HDHPs with HSAs are becoming increasingly prevalent, yet many employees still have questions regarding them. Employee Benefit News spoke with industry experts regarding some key considerations for both employers and employees when considering this benefit option.
No Legal Protections
As HSPs provide health insurance, they must abide by state laws and regulations; however, unlike traditional providers they lack the same legal protections which could allow a member who experiences problems to file suit. Furthermore, many HSPs limit coverage to an agreed upon dollar amount meaning any extra costs incurred must be covered by themselves.

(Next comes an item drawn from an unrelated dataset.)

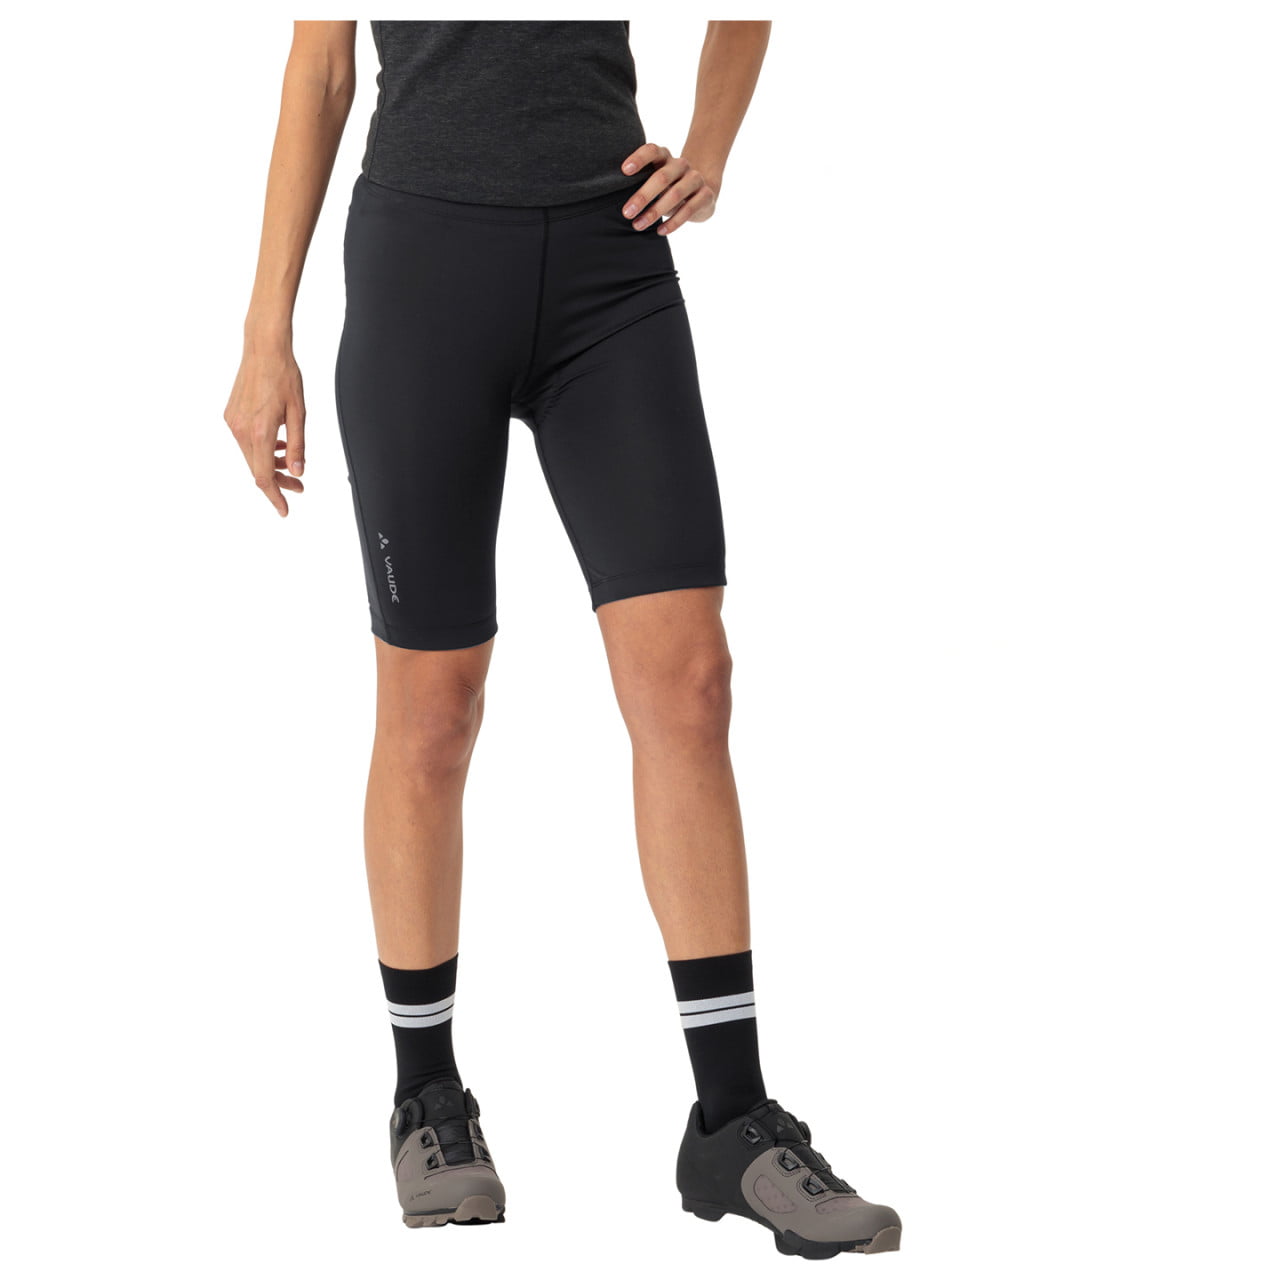 Matera II Women's Cycling Trousers
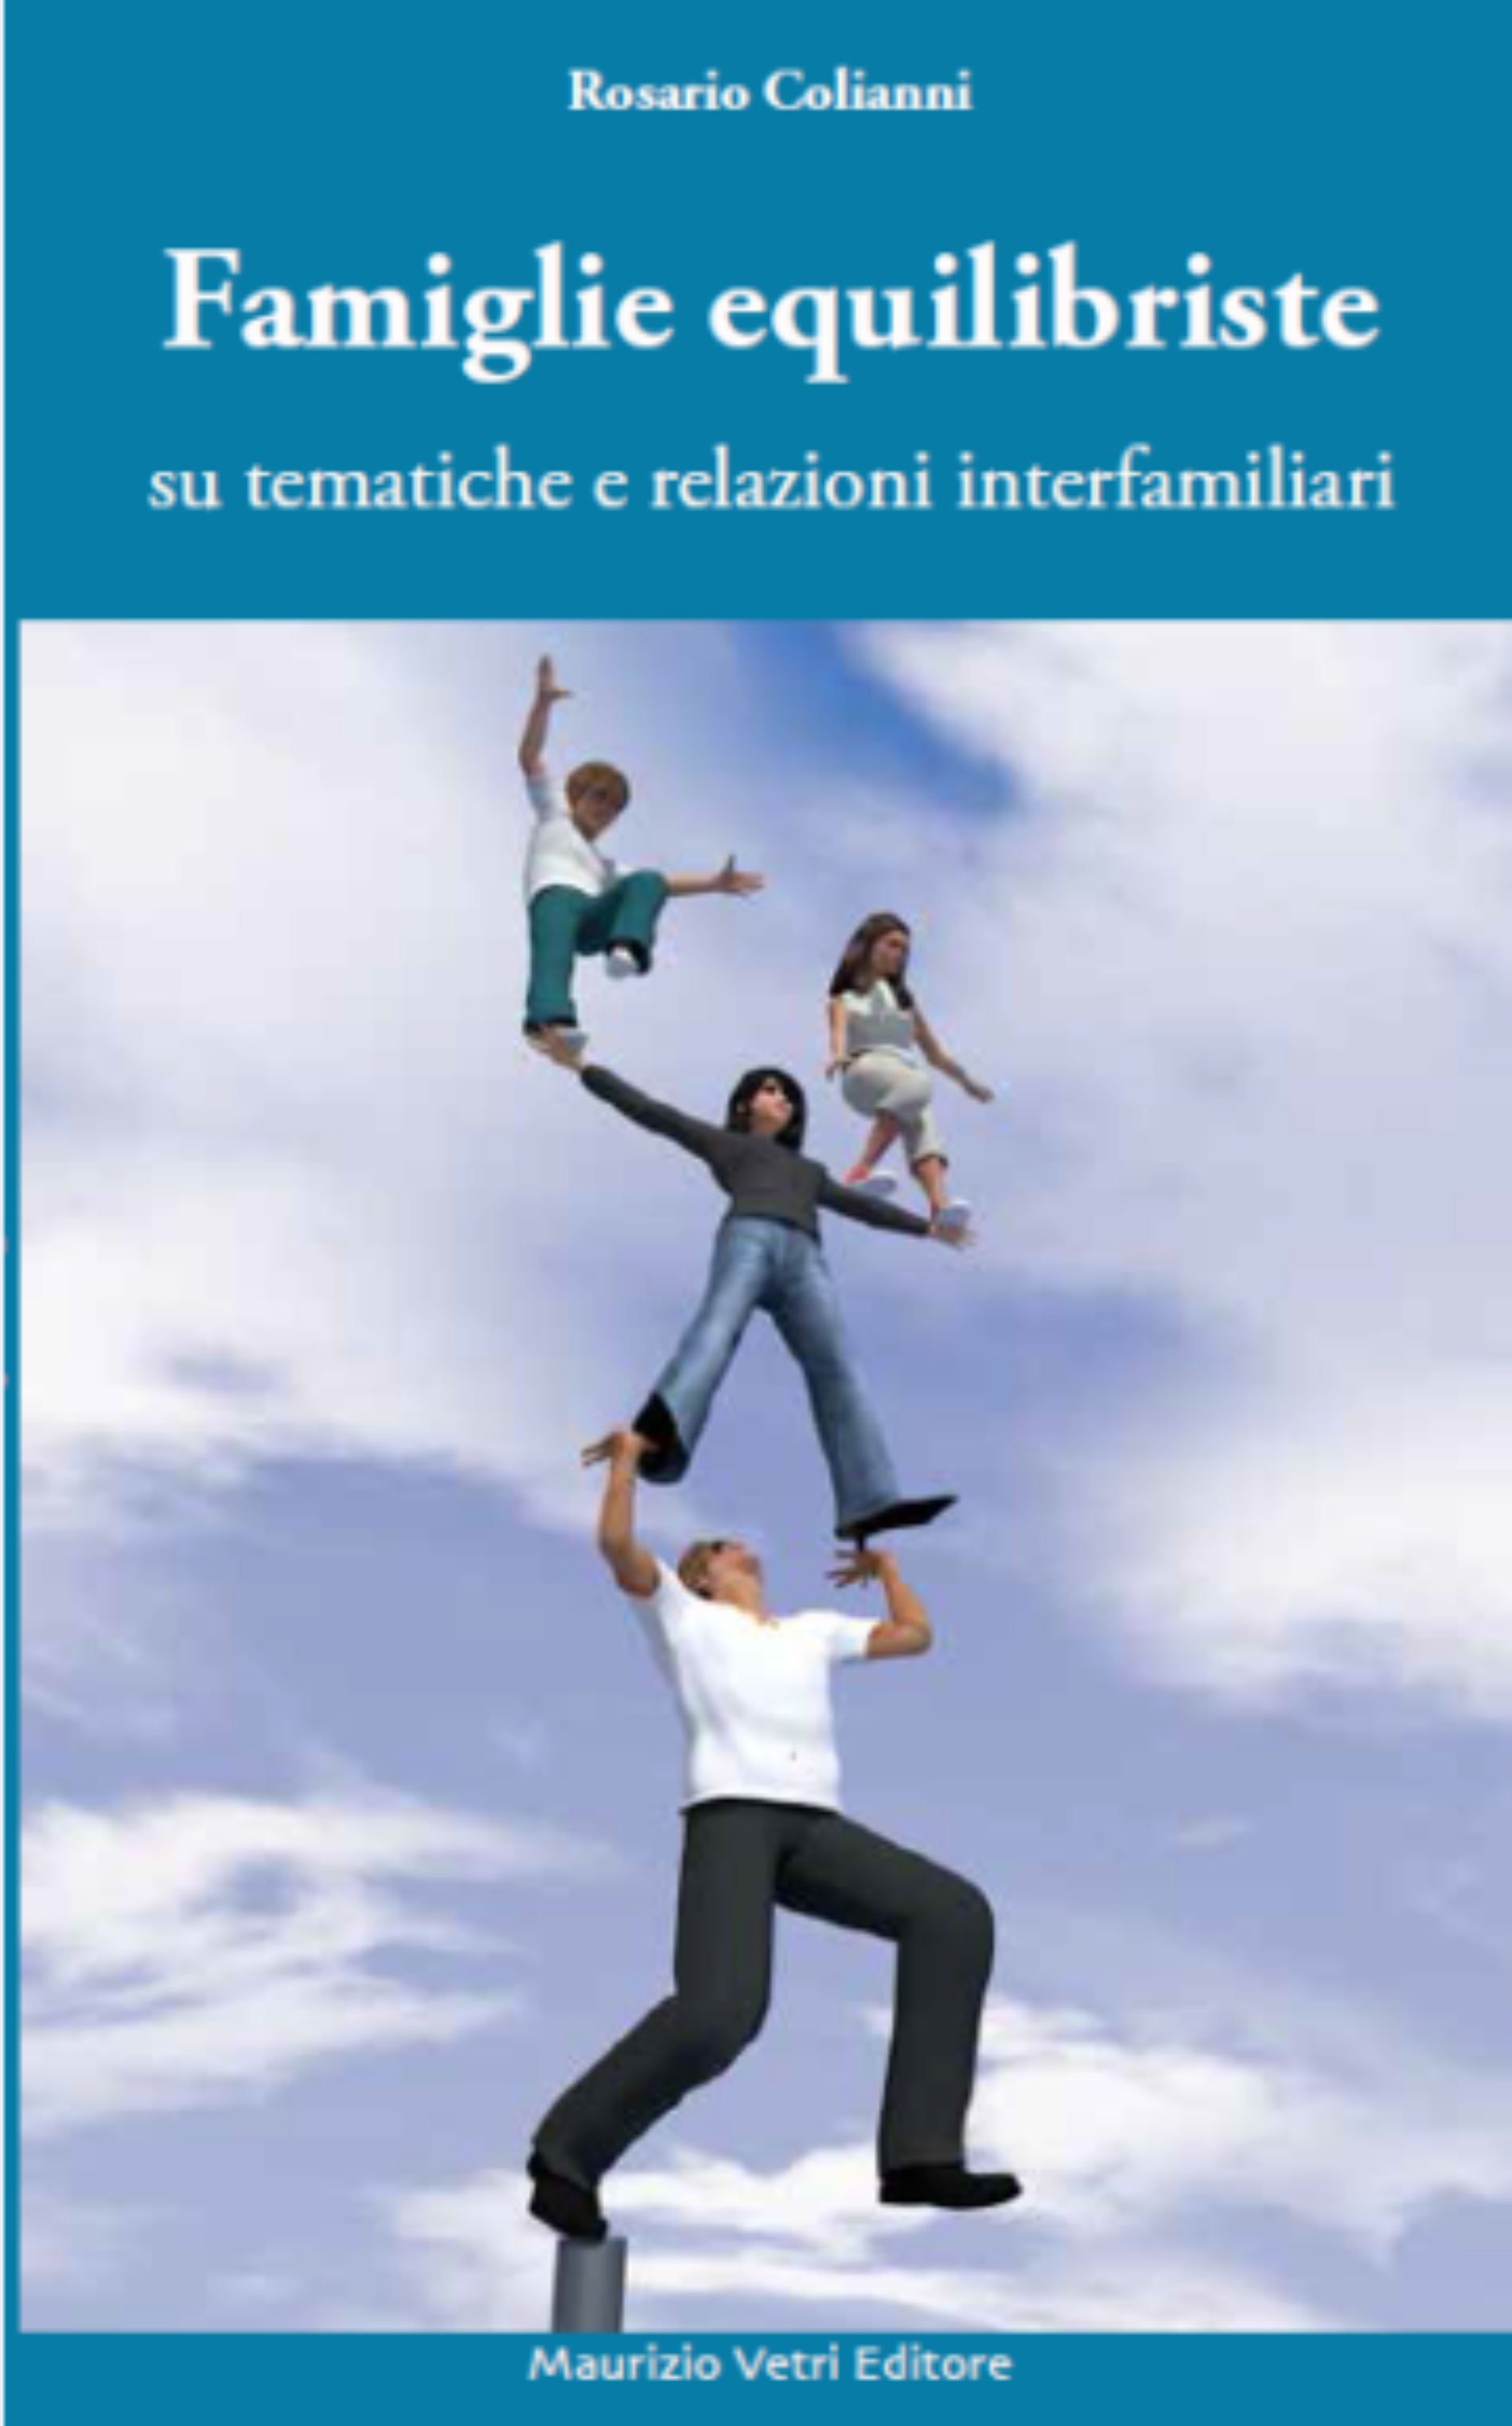 Famiglie equilibriste, il libro di Rosario Colianni, su tematiche e relazioni interfamiliari

Whoever wishes to reduce healthcare expenses and avoid expensive tax penalties should consider enrolling in a health share program (HSP). When considering the costs and benefits, individuals must carefully weigh both sides – for instance an HDHP typically offers lower monthly premiums compared to traditional health insurance but may have high deductibles and copays, not to mention no preexisting condition coverage.
HSP members also benefit from low monthly premiums and the chance to open a health savings account (HSA), which allows them to set aside pretax dollars deducted from paychecks as they save them, for non-covered medical expenses not covered by traditional health insurance plans. Furthermore, these funds do not incur federal income taxation and roll over from year to year – an advantage over traditional policies which often do not permit this feature.
Many people opt to join an HSP due to its flexibility and affordability. Unlike traditional health insurance policies, these programs rely on a shared responsibility model instead of a network of healthcare providers to reimburse members’ medical expenses. Before enrolling in an HSP policy it’s important to read carefully through it to understand how it operates.
FSRA requires all licensed HSPs to submit monthly statements to members that detail payment requests and contributions that have been made in that month, along with an Annual Regulatory Fee submission in order to maintain their license. HSPs who fail to do this could face regulatory action and/or the suspension/cancellation of their license.